Il y a peu, un de mes amis, originaire du pays sénoufo et récemment muté à Odienné m’interpelait en ces termes : « mon frère, pensez un peu à votre ville! » Cette phrase aux allures de conseil sur fond de boutade m’ a profondément bouleversé. Venant d’un allié, j’ai dû évacuer ma honte par quelque réponse peu convaincante en forçant l’humour. Je n’avais en effet pas besoin de réfléchir pour comprendre que mon ami avait raison. Le constat est clair. Les fils d’Odienné qui compte parmi eux de très nombreux cadres ont abandonné leur cité pour les autres villes du pays où ils s’établissent et pour beaucoup d’entre eux, réussissent à prospérer dans leurs affaires. Tout cela est bien. Mais là où les choses se corsent, c’est lorsque, fortune faite, les odiennekas oublient de retourner investir dans leurs villes et villages d’origine. Pourtant, il est de notoriété publique que la communauté odiennéka dont la diaspora s’étend dans plusieurs villes du pays mais aussi à travers le monde entier, figure parmi les plus riches. De Daloa que certains appellent justement « l’autre Odienné de l’Ouest forestier » à Abengourou en passant par San-Pédro, Bouaké et surtout Abidjan, les compatriotes de Vacaba Touré se font remarquer par leur réussite sociale parfois insolente. Ils sont présents dans le transport, l’entreprenariat, la construction, le commerce, les affaires… Fortunés, ils investissent là où ils ont acquis leur richesse, ce qui n’est pas une mauvaise chose en soi. Toutefois, oublier totalement d’en faire bénéficier leur terroir natal est une aberration inqualifiable. Combien sont-elles les réalisations des cadres d’Odienné à travers le pays ? Très difficile à chiffrer. Quelqu’un un jour me disait que s’il était possible de transférer dans leurs localités d’origine les réalisations immobilières que les fils et filles d’Odienné ont faites ailleurs, aucune place libre n’existerait, tant elles sont nombreuses. En effet, elles sont rares les villes qui ne possèdent pas leur « odiennékourani ». Mais a contrario, ces bâtisseurs ont entrepris combien de réalisations chez eux ? La réponse à cette autre question est très facile quoique désespérante.

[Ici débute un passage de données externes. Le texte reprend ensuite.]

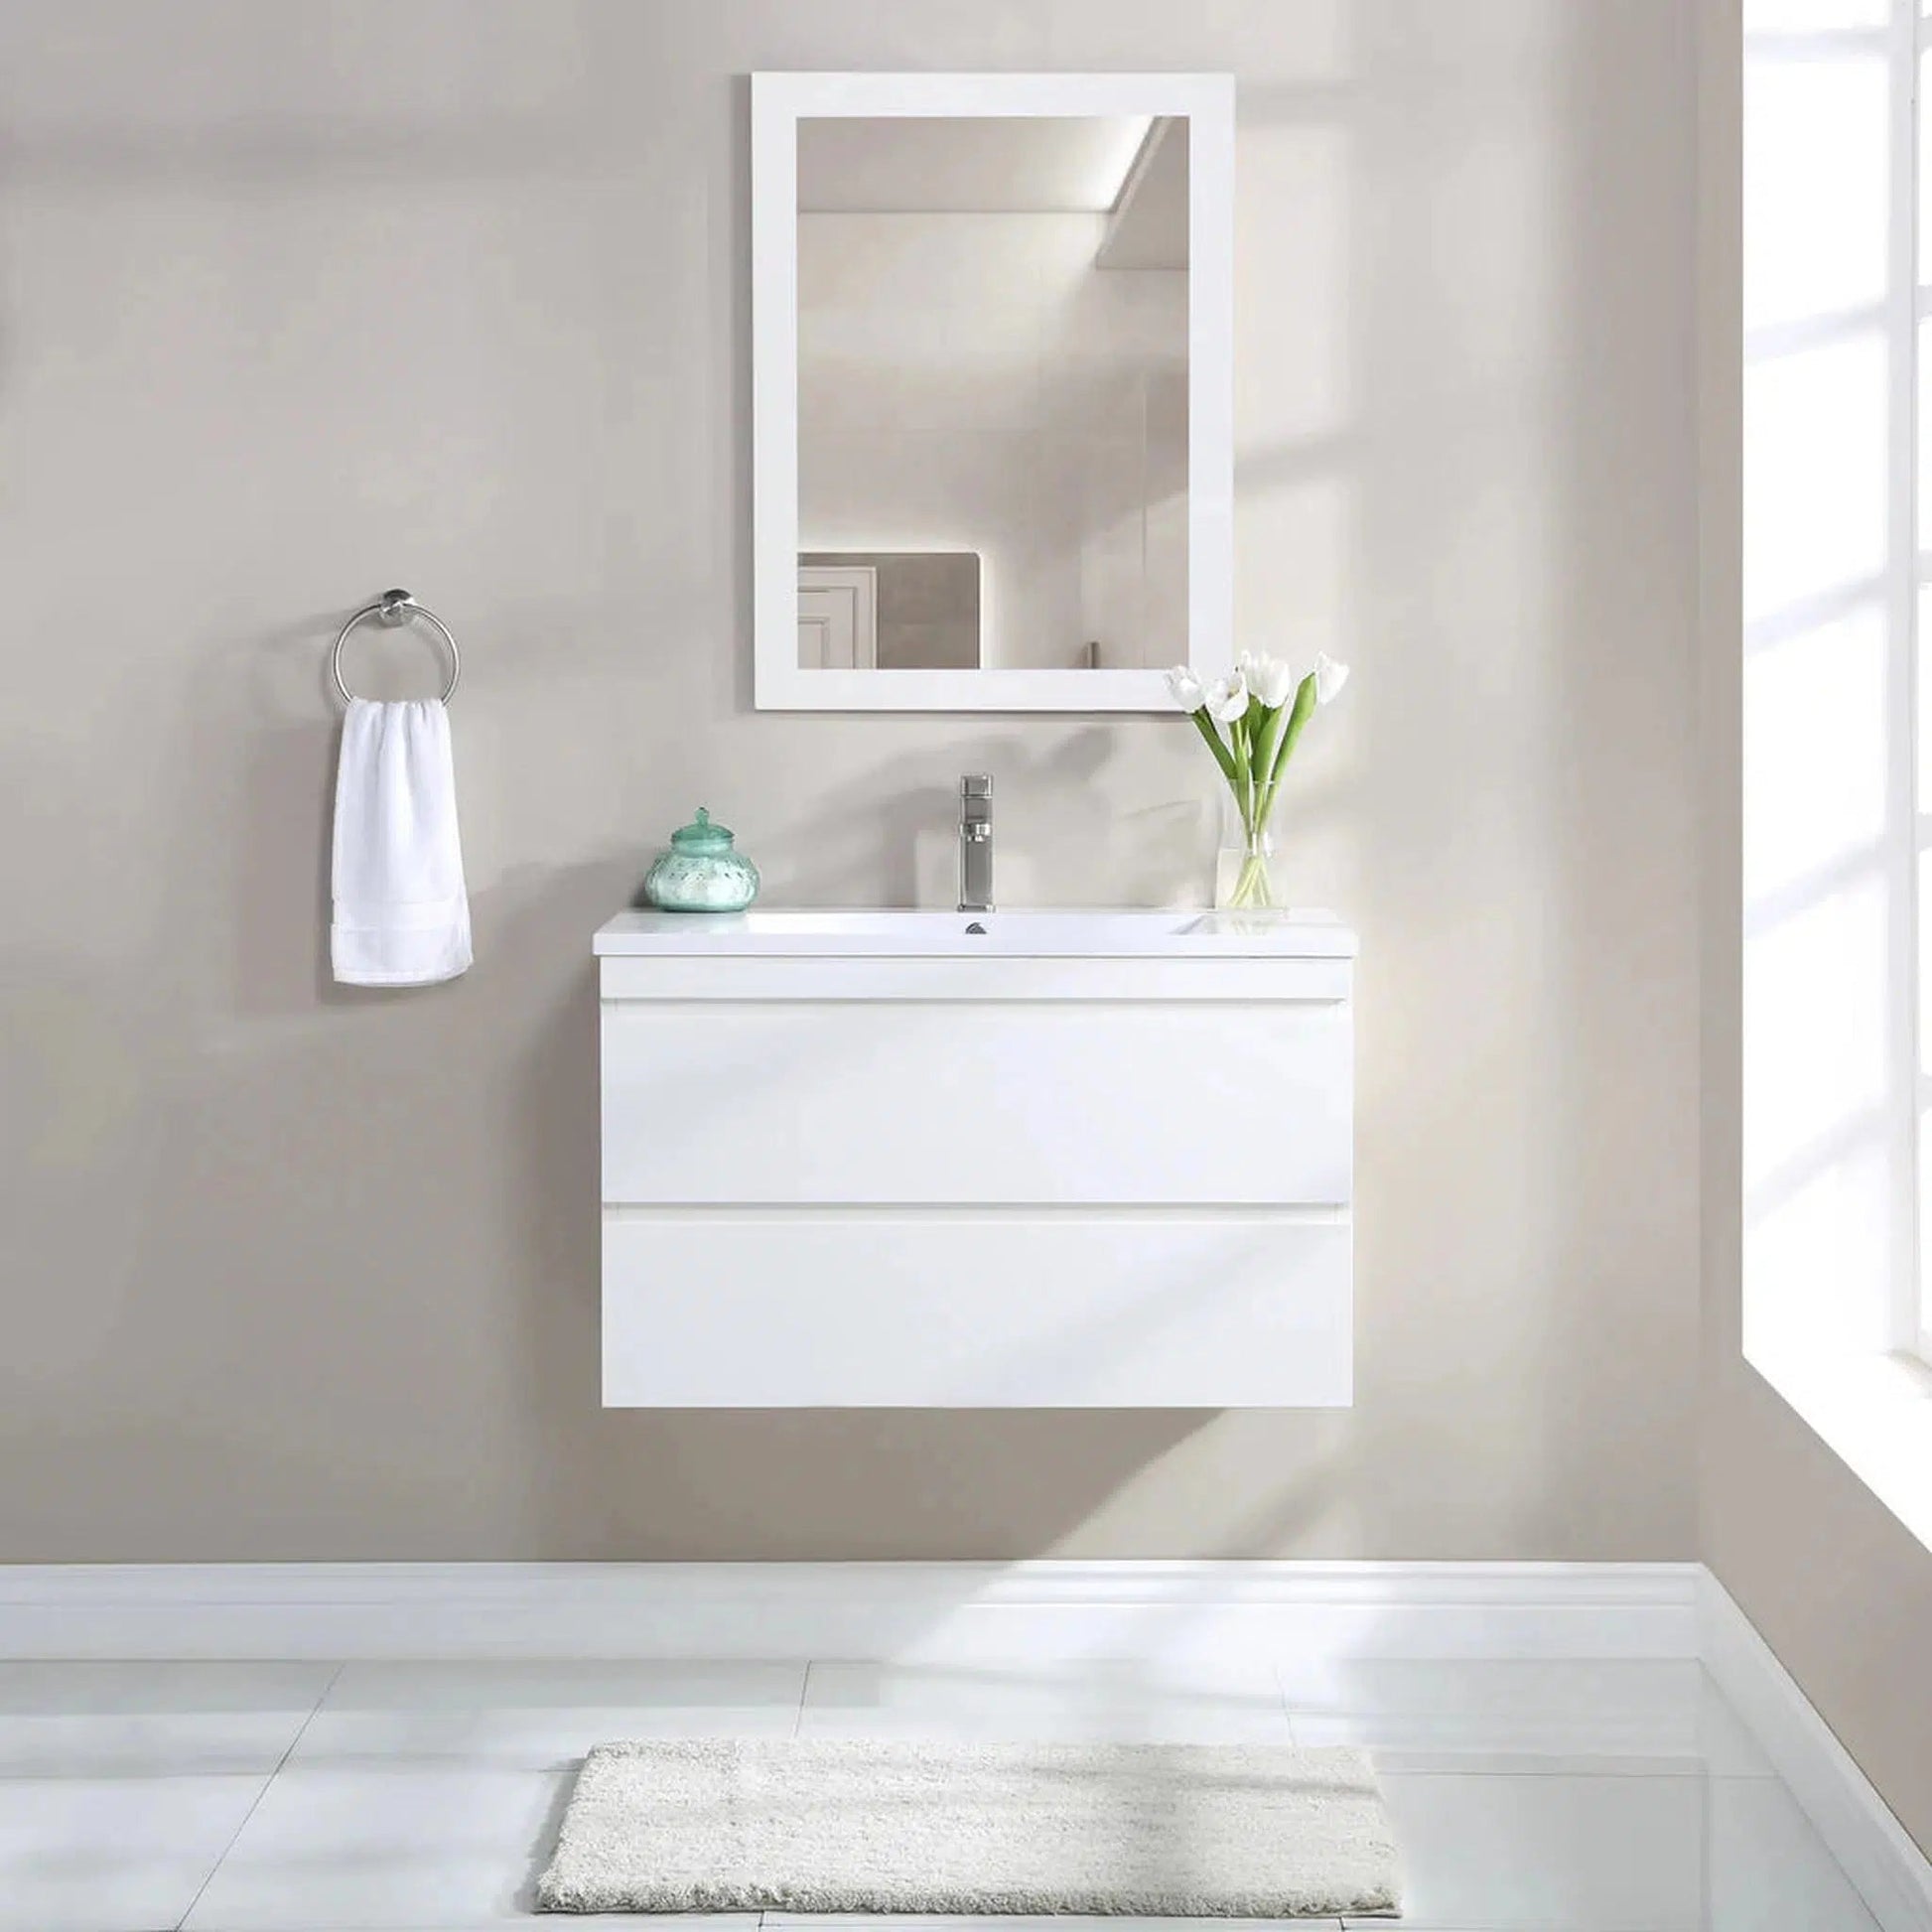 Stufurhome Vivian 36" Gloss White Wall-Mounted Resin Single Sink Bathroom Vanity with 2 Slow Close Drawers and One Pre-Drilled Faucet Hole

FAIRE RENAITRE LA FLAMME FILIALE

Pour expliquer cet abandon de leurs localités par les fils d’Odienné, de nombreuses explications existent. En effet, le malinké a généralement un esprit aventureux et considère le lieu où il peut s’intégrer comme un autre chez lui. Ajouté à cela, les funérailles des proches décédés ne sont pas des occasions de cérémonies particulières qui contraignent à retourner au village. Or dans les autres cultures, notamment les peuples Akan,Krou et les mandés du Sud par exemple, il est inconcevable que l’on enterre un défunt en dehors de son village. Les dioula de Bondoukou ont compris cette urgence et transfèrent de plus en plus leurs morts pour les enterrer au village. Ainsi, les funérailles sont des occasions de retrouvailles et de communion entre les fils et filles résidant hors des cités d’origine et eux restés sur place. Mais le malinké est généralement enterré là où la mort le surprend. Chez nos voisins sénoufo par exemple, il se peut que l’enterrement ait lieu en dehors du village. Mais les funérailles se font généralement au village et sont une occasion de rencontres. Mes arguments visent à montrer que plus les occasions de se rendre au village se multiplient, plus l’amour du village se crée et s’accroît. Par la même circonstance, les fils et filles sont contraints de bâtir des résidences dans leurs villages et les chefs-lieux de département et de région. Ils sont plus enclins à y établir des activités susceptibles de donner un lustre à leurs localités qui, du coup se développent. De plus en plus, la presse se fait régulièrement l’écho de cérémonies initiées par tel ou tel cadre du pays sénoufo ou du pays Koyaka ou Mahouka. La plus récente étant l’union des fils du Woroba regroupant les régions du Béré, du Worodougou et du Bafing, sous l’impulsion du Ministre Hamed Bakayoko. De telles initiatives louables sont très en vogue ailleurs où les mutuelles des cadres et des fils du village sont des institutions de référence qui posent des actes extraordinaires se terminant généralement par l’érection de leurs contrées en sous-préfecture, préfectures… la plupart des villages ou des villes émergentes des autres régions ont été électrifiée et ont pu avoir leur château d’eau grâce à l’union des cadres et des fils qui ont su dépasser leurs querelles et leurs complexes. Ainsi, dans ces autres régions, on ne regarde ni le parti politique, ni le statut social quand sonne l’appel du village.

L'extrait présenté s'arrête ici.